The hostel houses travelers as well as more permanent residents who have lived there for a few years. It operates on a “gift economy,” so people can give money or decide to volunteer their labor in exchange for staying.
Oliver Norden, 46, has been living at the hostel for almost two years. Originally from Belgium, he is the hostel’s resident artist and is skilled in acrylics, watercolors, murals and digital photographs. Some of his artwork is featured at Vellos Brickstreet Grill in downtown Gainesville.
Norden, who is also a vegan, is thankful to the Zen Hostel for teaching him discipline and inspiring him with his art.
“I do my meditation close to every day, and during that time I try to reach a level of nirvana,” he said. “What I feel when I try to reach nirvana is to open my heart and get in touch with my breath and open up to the energies that I want to send out as an individual. The Zen path to me, for now, fits very well because I’ve decided to distance myself with the material things.”

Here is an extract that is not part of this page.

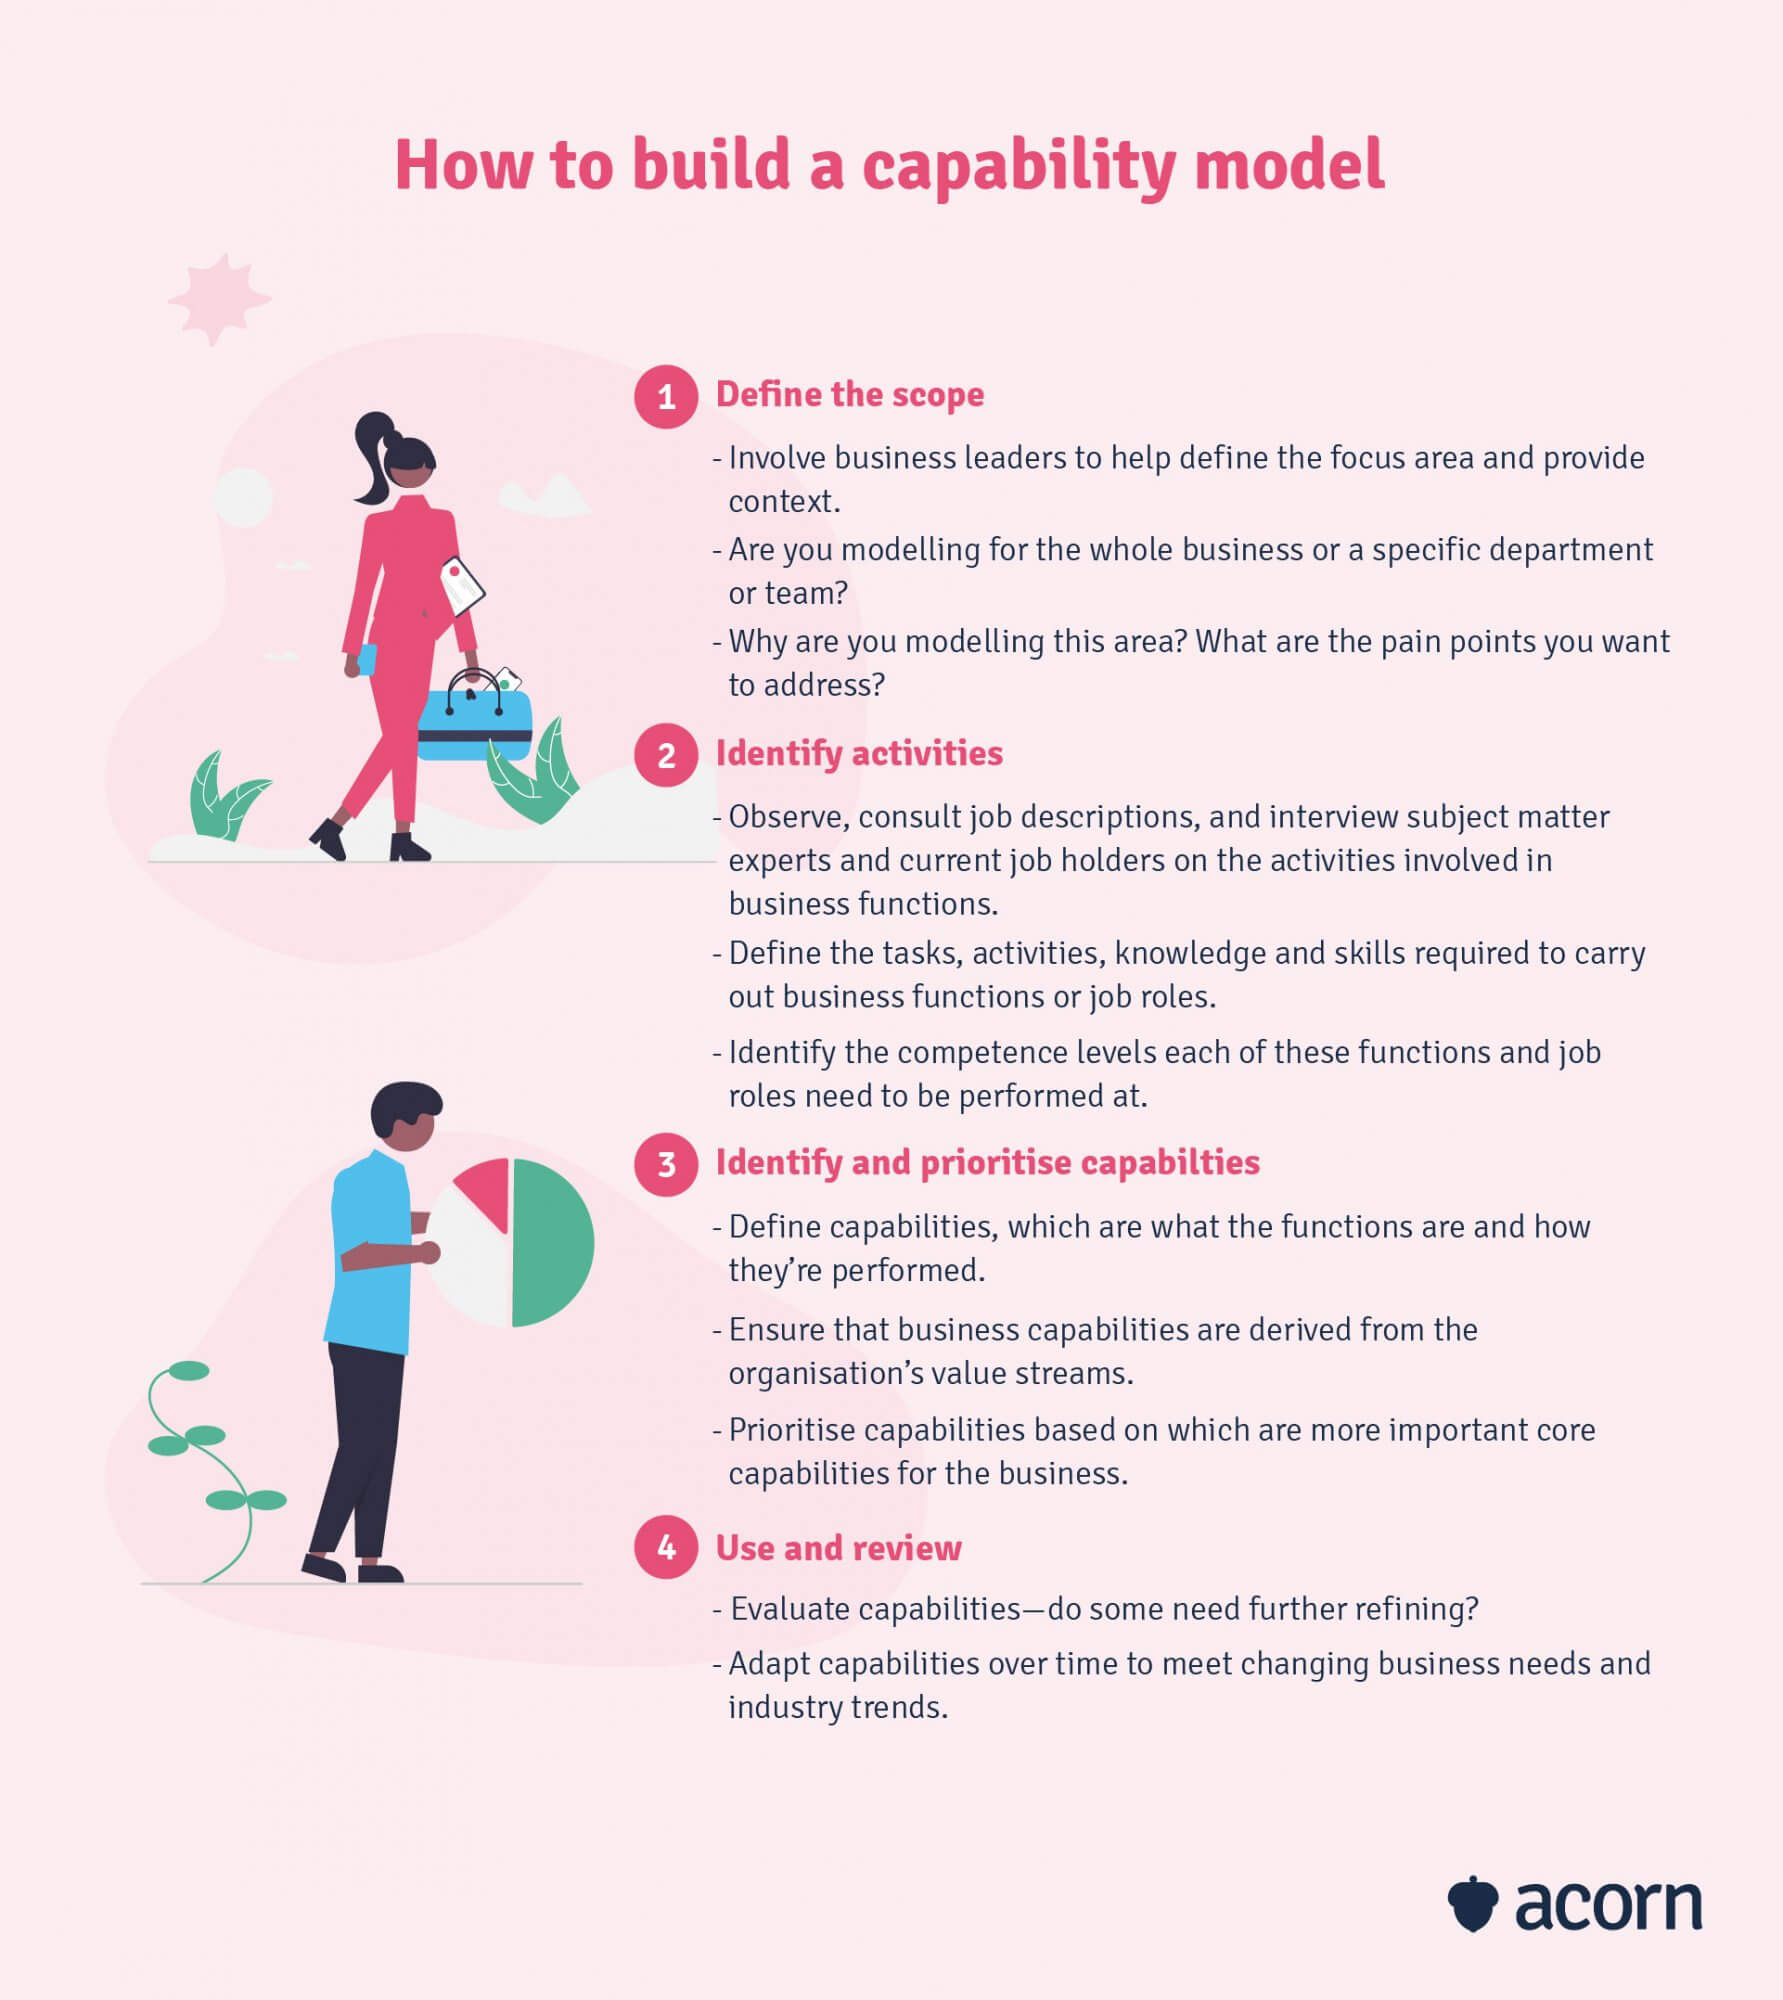 How to build a capability model in 4 simple steps
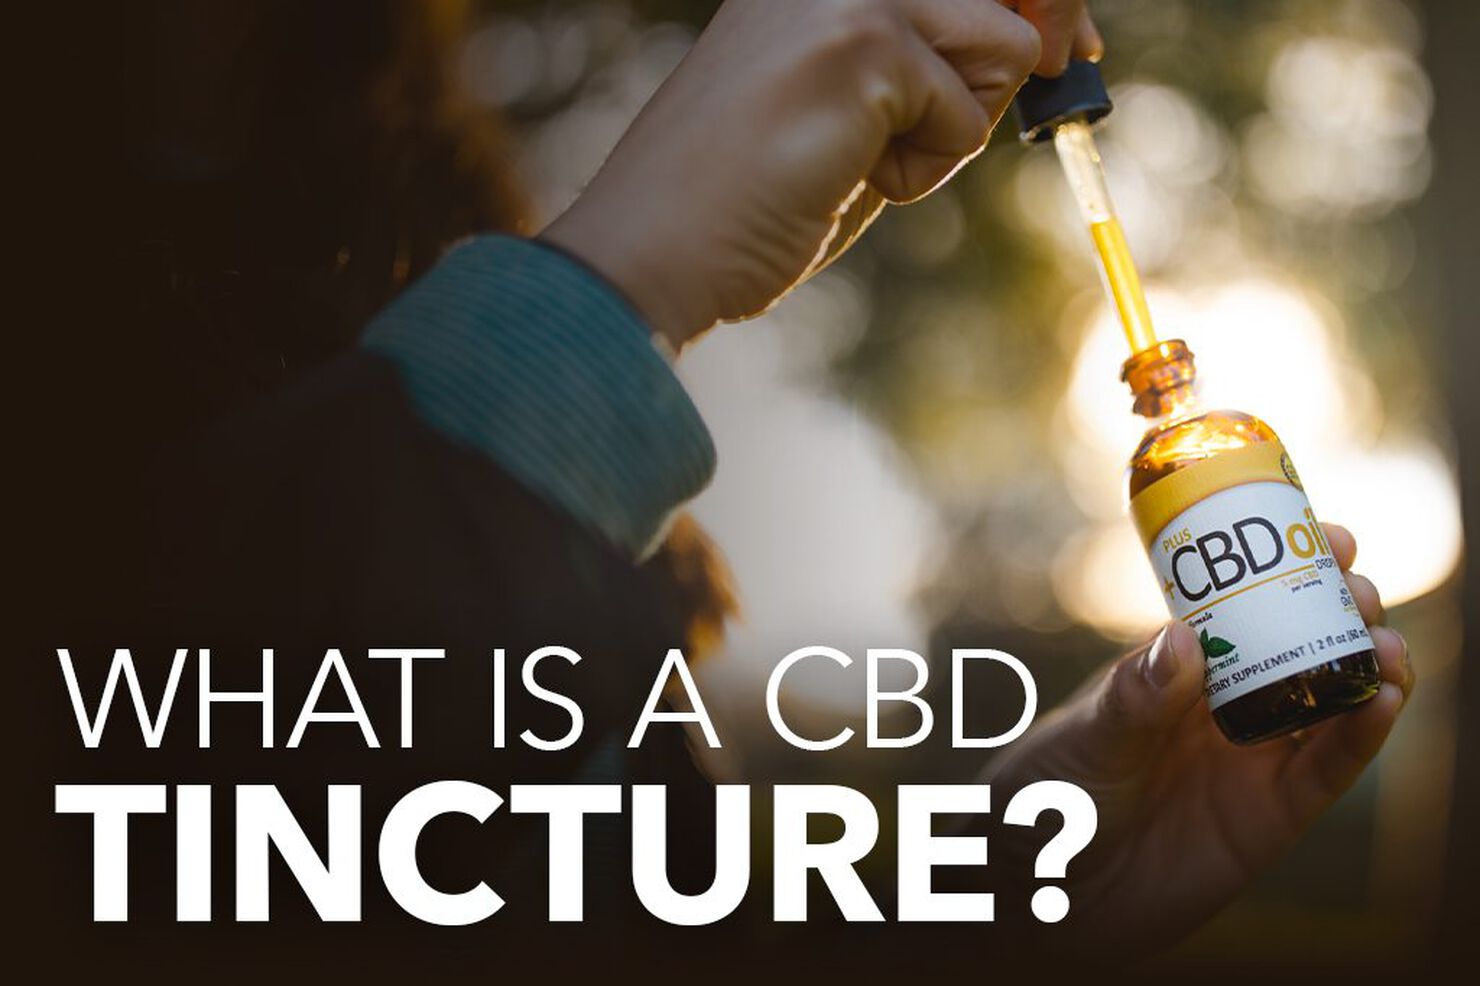 What Is a CBD Tincture? How to Use CBD Tincture Effectively

Norden’s mother, 85-year-old sculptor Nadya Levi, visited him at the hostel from Belgium. She works mostly with iron and metal but also does clay sculptures. During her stay, she sculpted a clay portrait of Terrell that now sits in the hostel's courtyard near the fishpond and herb garden.
“Sooner or later, someone will have some moment of nirvana; some moment of fleeting, ecstatic experience,” Terrell said. “At heart, we are all divine beings.”